The real mind-bender among the composers represented on "Sacred Bridges," though, is Ali Ufki (né Wojciech Bobowski), a Polish church musician who was enslaved by Crimean Tartars and sold to the court of the 17th-century Ottoman sultan, Mehmed IV. Clearly a man who knew how to make the best of a bad situation, Ufki converted to Islam and absorbed the modal music of his Ottoman hosts as completely as Rossi had mastered the polyphonic style of his Christian counterparts.
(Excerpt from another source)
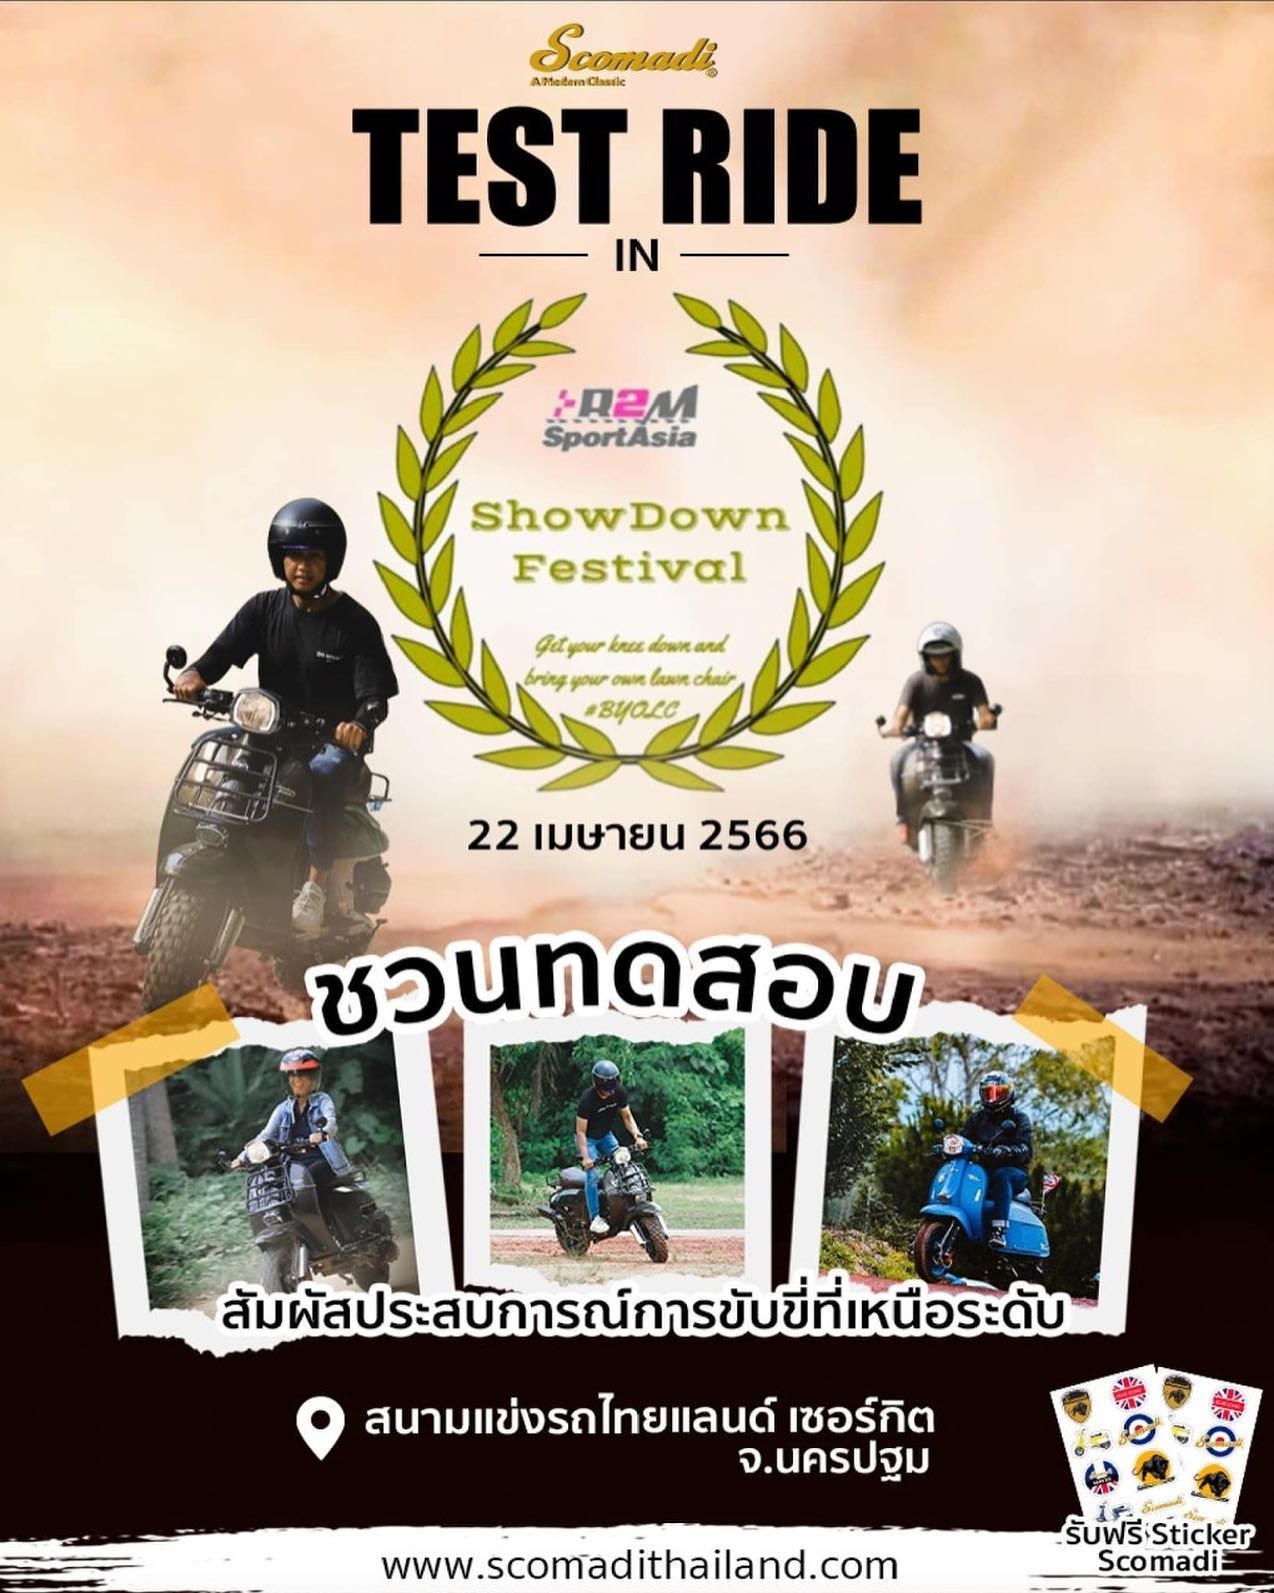 Scomadi Thailand Test Ride

Not only did Ufki translate into Turkish the texts of the psalms he worked with, but he also took melodies from the early Calvinist hymnbook known as the Genevan Psalter and "modalized" them in the Turkish manner. (An early master at what modern sociologists call "identity switching," Ufki also wrote a Latin treatise explaining Islam.)

While the King's Singers give voice to the intricate, multipart music of Sweelinck, Goudimel and Rossi, Sarband — which was founded by the Bulgarian musicologist Vladimir Ivanoff, and includes such Middle Eastern instruments as the qanun (a plucked zither), the ney (an end-blown flute), the kemanche (a spiked fiddle) and the bendir (a frame drum) — puts the flesh back on the bones of Ufki's compositions. Sometimes the two groups alternate track by track; sometimes they combine forces on the same piece, and sometimes they switch back and forth between different settings of the same psalm, as they do with Ufki's and Goudimel's radically different treatments of Psalms 5 and 9. The contrast between the two ensembles and the traditions they represent couldn't be greater, or more illuminating.

Early European music and early Middle Eastern music had more in common than one might expect. Both gave primacy to vocal melody, both treated sacred music as a vital means of spiritual expression, and both allowed plenty of room for improvisation. In terms of timbre and texture alone, the combination of ney, qanun, kemanche and bendir could almost pass for a Renaissance ensemble of recorder, cittern, viol and tambourine.

Nonetheless, as "Sacred Bridges" makes clear, these two kinds of music work in very different ways. Listening to the interplay between the multiple melodic lines voiced by the King's Singers, one almost can see the individual parts in one of Sweelinck's or Rossi's compositions gliding past one another like smooth slabs of sound, and sense the mathematical relationships between countertenor, tenor, baritone and bass. This is coolly cerebral music whose attraction lies in its structural complexity. Sarband's heterophonic interpretations of Ufki's psalm settings, in which Turkish singer Mustafa Dogan Dikmen incants his verses in a nasal, glottal-stop-filled style and each instrumentalist plays a slightly different version of the same melody to hypnotic rhythmic accompaniment, sounds like something from another world entirely — which, of course, it is.

Ironically, the essentially irreconcilable nature of the two styles underscores the bridge metaphor of the album's title. These musics can't really be fused, but they can be made to stand side by side, giving us the chance to appreciate the unique charms of both — despite the considerable distance that separates them.